There’s no dearth of talk about online influence, but until now there’s been precious little actionable advice. With the publication of my colleague Brian Solis‘ new research report, “The Rise of Digital Influence,” (it’s subtitled “A ‘how-to’ guide for businesses to spark desirable effects and outcomes through social media influence), marketers are provided with frameworks and action plans to get both strategic and tactical in their approach to effectively harnessing the elusive, but oh, so desirable impact a community of influencers. Brian helpfully defines digital influences as, “the ability to cause effect, change behavior, and drive measurable outcomes online.”
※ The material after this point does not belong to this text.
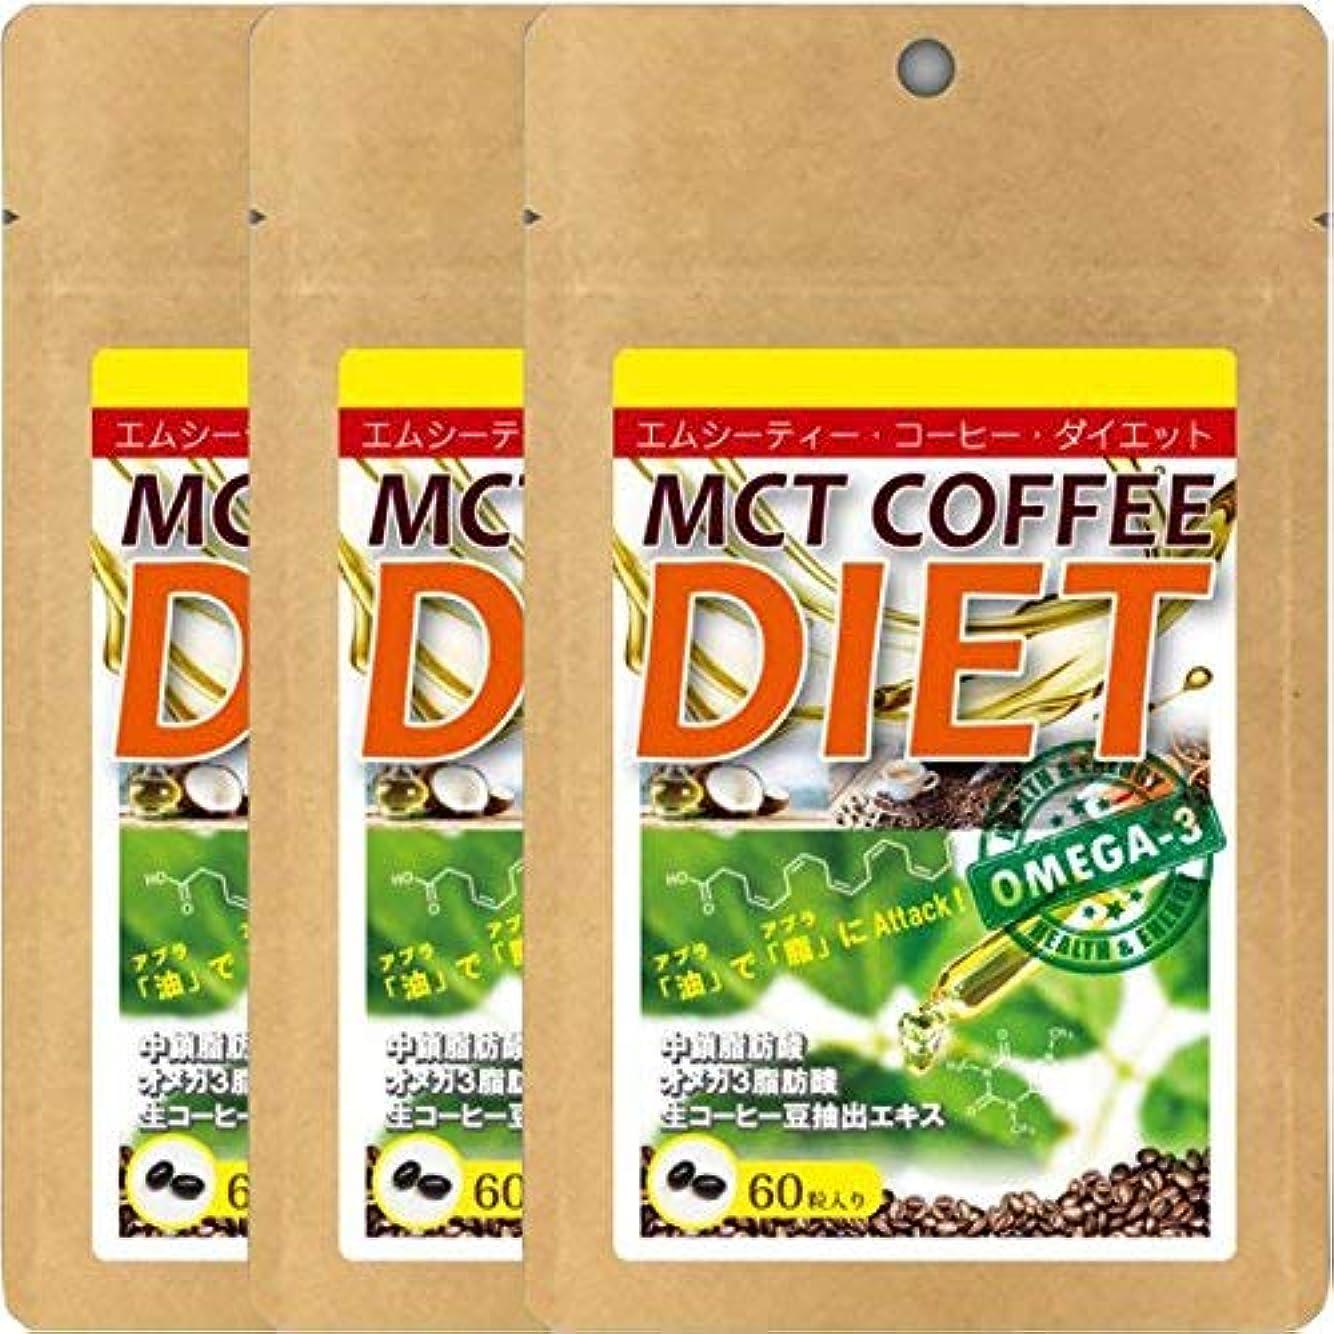 大量内なるタイトル【MCTオイル】MCTコーヒーダイエット 3個セット 【10% OFF !! 】 60カプセル入り

A feature of this research of particular interest is a long, hard look at the tools that purportedly measure influence, e.g. Klout, Kred, and PeerIndex. Based on game mechanics (and people all to ready to game the system), I’ve looked on these tools with suspicion, particularly after Klout listed me as influential on the topic of the Calgary Flames (maybe you’re aware they’re a hockey team, but I had to google it). Do these new services that capture social media scores equate to influence? No, says Brian – but that doesn’t mean they’re not useful. “The measure here…is not influence or the capacity to influence, but instead visibility with the possibility of causing effect.”

The report contains an Influence Framework as well as an Influence Action Plan to help brands and their agencies identify connected consumers and to define and measure digital influence initiatives via an included step-by-step process. Vendors in the influence metrics space are also compared, feature-by-feature, in a helpful grid.

“The Rise of Digital Influence” is a watershed in digital influence. It’s going to stop airy-fairy conversation about “influencing influencers” dead in its tracks and instead supplant vague and aspirational jargon-laced talk with substantive, strategic processes.

And, like all Altimeter Group research, the report is available to read and to share under Creative Commons. Thanks for passing it along if you find it helpful.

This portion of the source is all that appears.